**PROBLEM TO WORK ON**
From the line with "noon east 3-Piece" down to the final line of the material, please transcribe everything exactly, but leave the pictures out.

**EXTRACTED ENTRIES**
☆ ☆ ☆
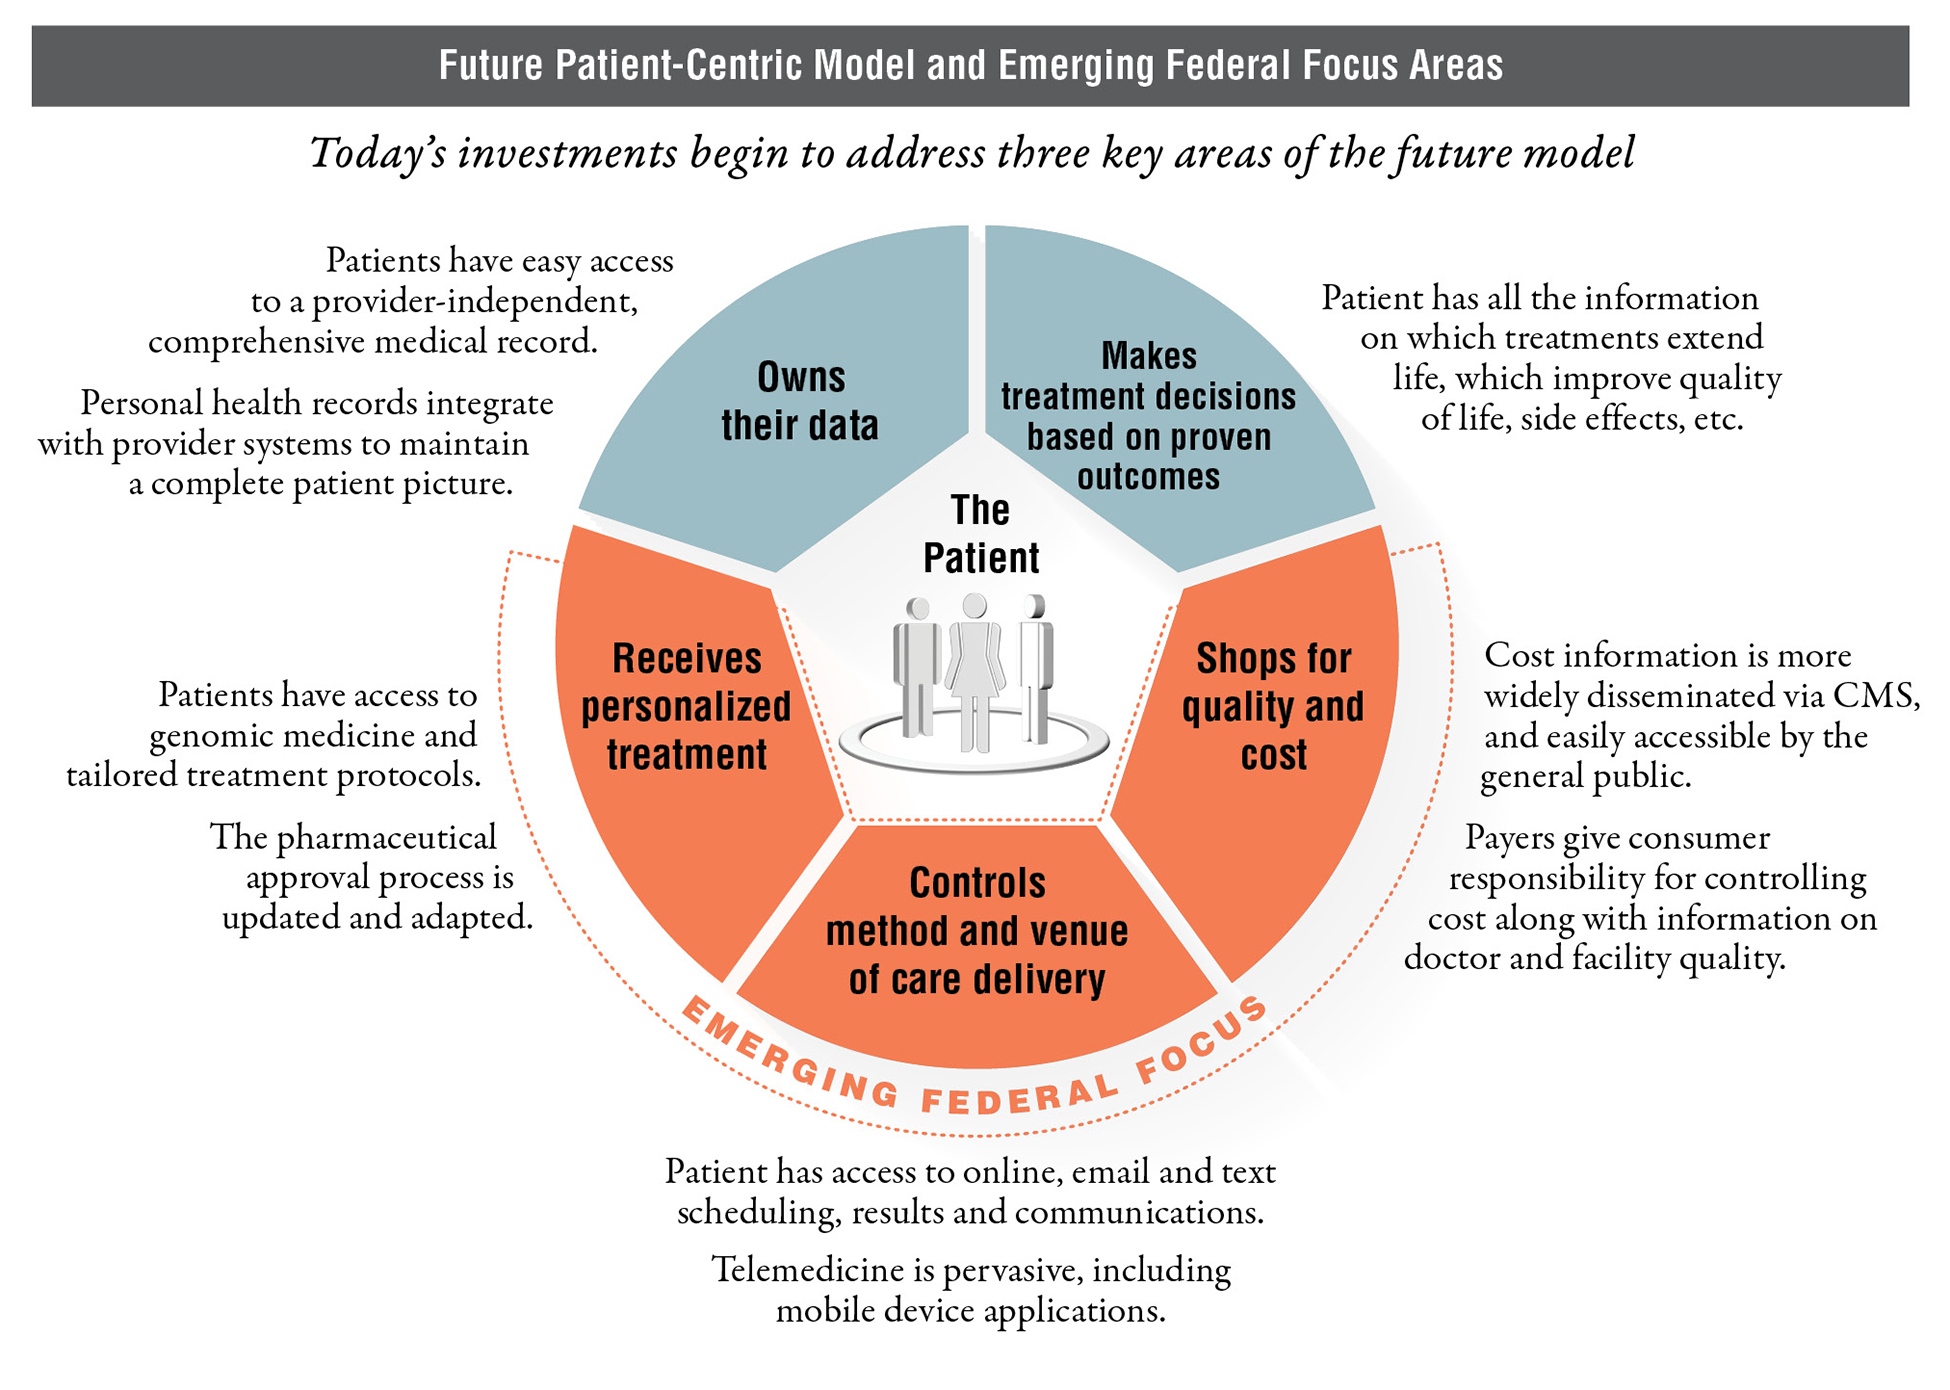 Future Patient-Centric Model and Emerging Federal Focus Areas
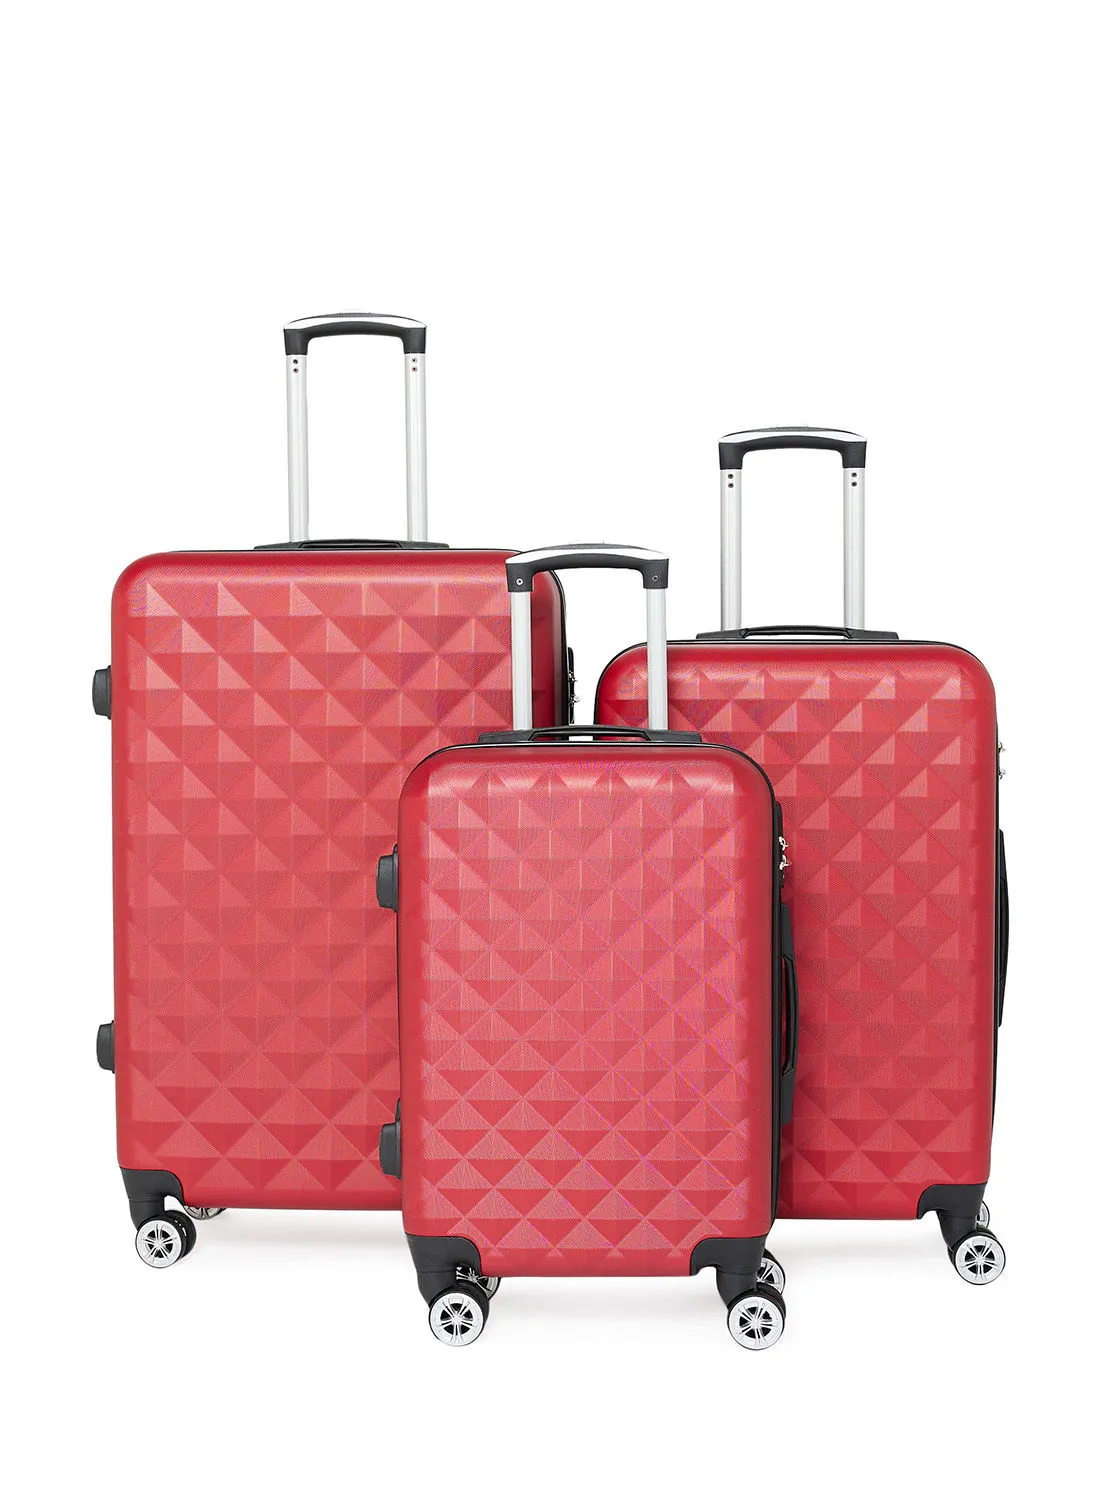 noon east 3-Piece ABS Hardside Spinner Iron Rod Luggage Trolley Set With TSA Lock 20/24/28 Inch Red
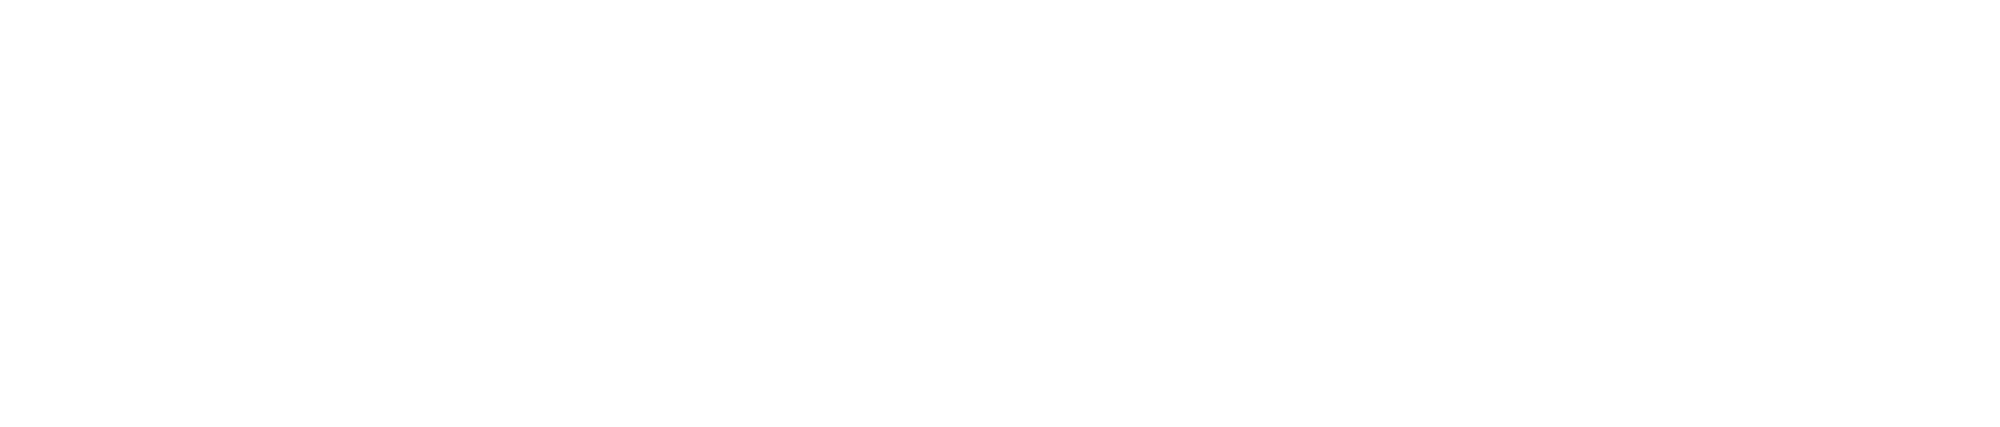 SILENTCITIES.SPACE
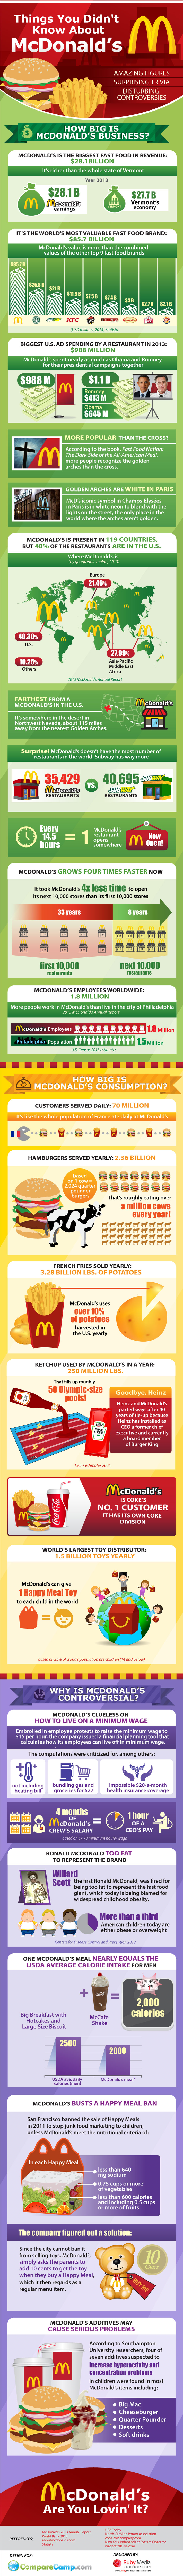 Information About McDonald's That Will Shock You: Fast Food Figures, Facts & Controversies
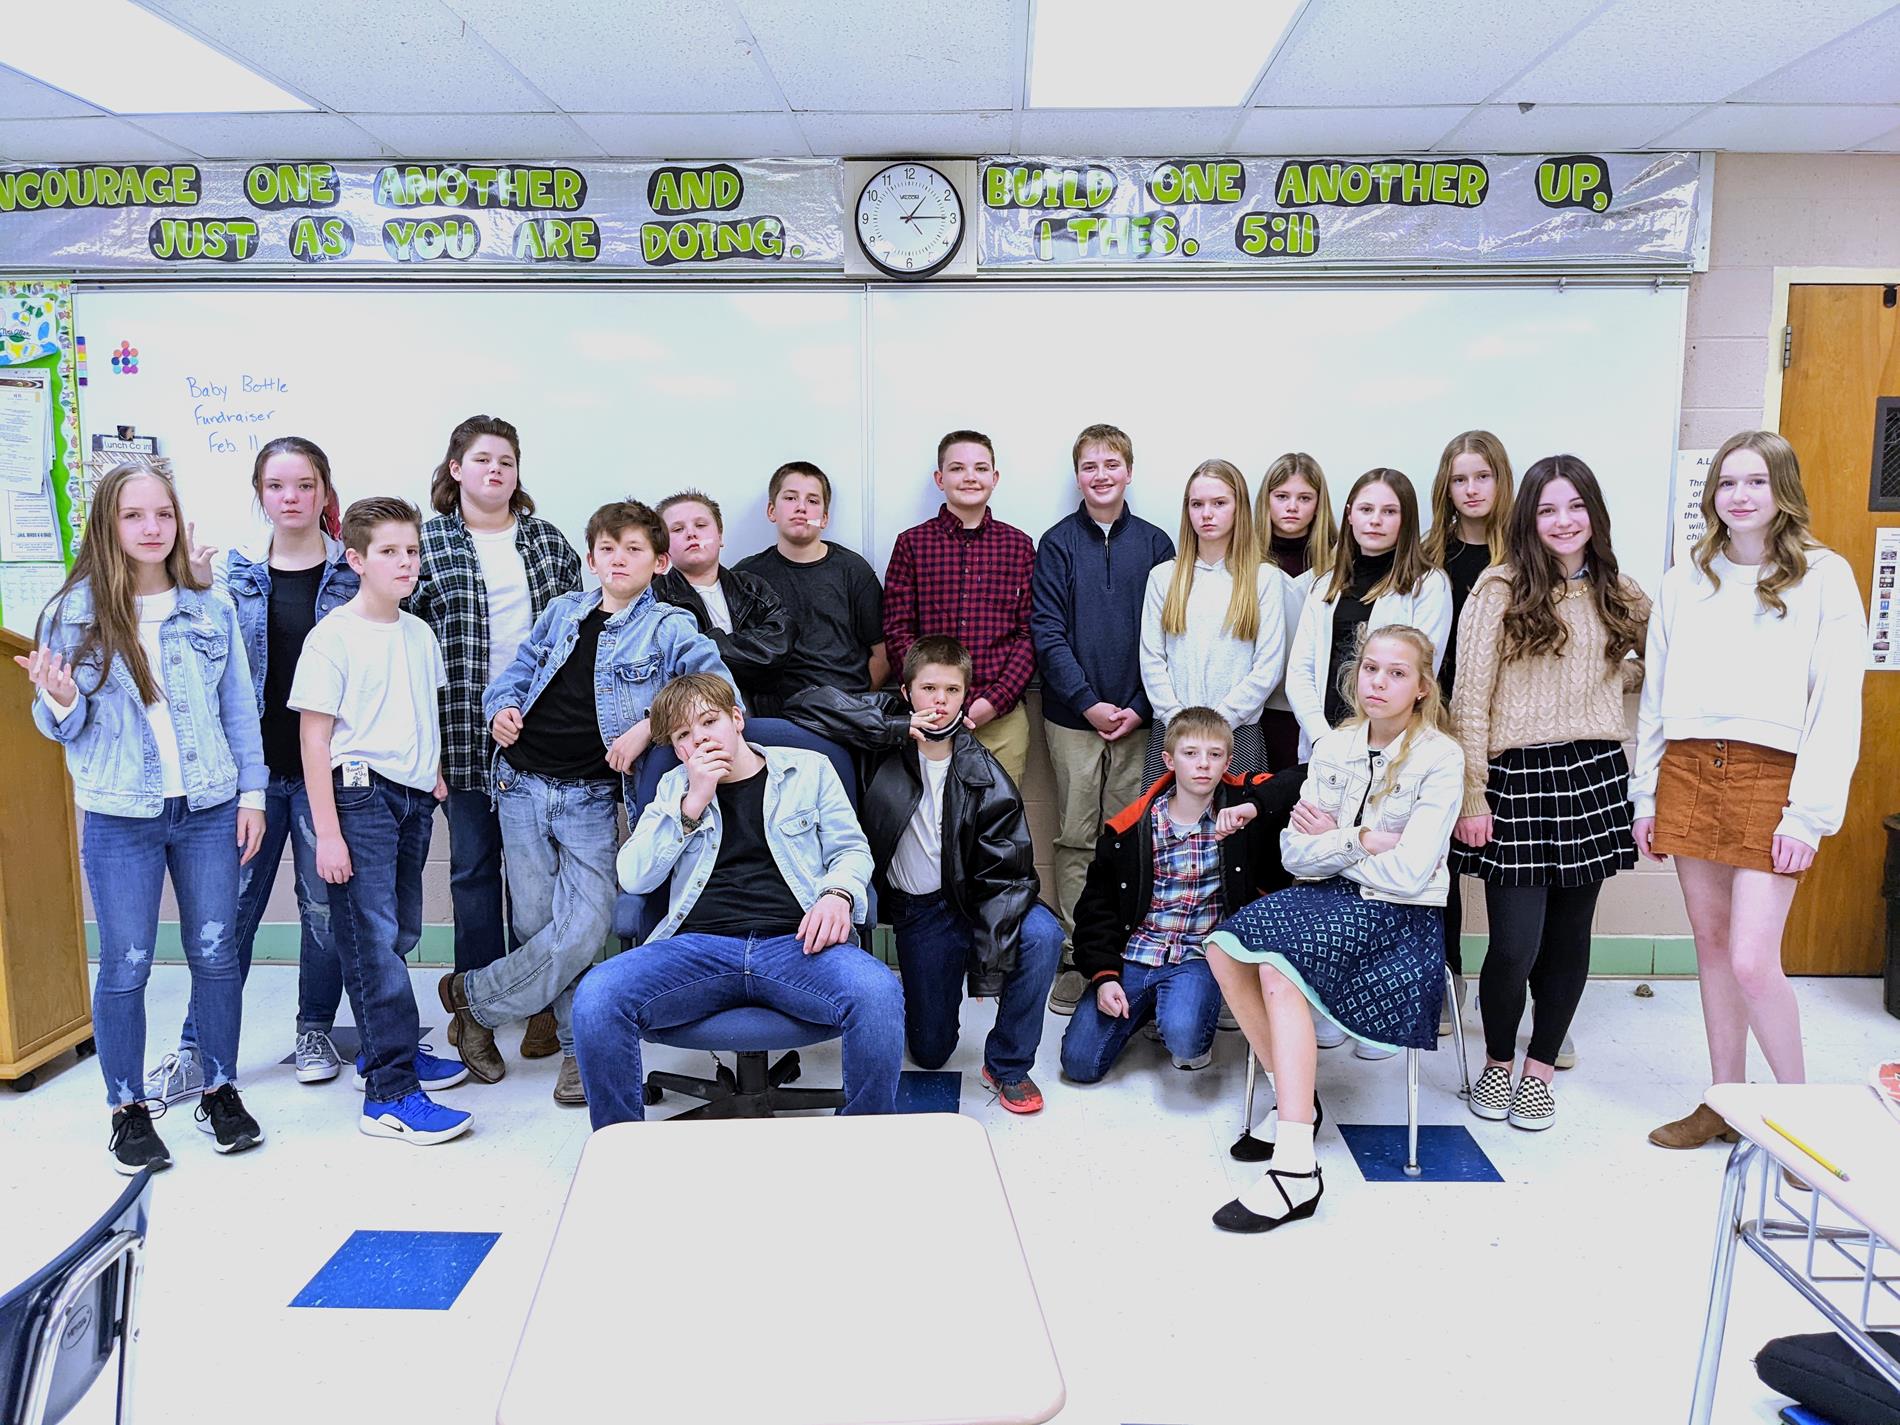 Middle school students dressed as characters from the book, "The Outsiders".
☆ ☆ ☆
**YOUR SOLUTION**
 noon east 3-Piece ABS Hardside Spinner Iron Rod Luggage Trolley Set With TSA Lock 20/24/28 Inch Red
 SILENTCITIES.SPACE
 Information About McDonald's That Will Shock You: Fast Food Figures, Facts & Controversies
 Middle school students dressed as characters from the book, "The Outsiders".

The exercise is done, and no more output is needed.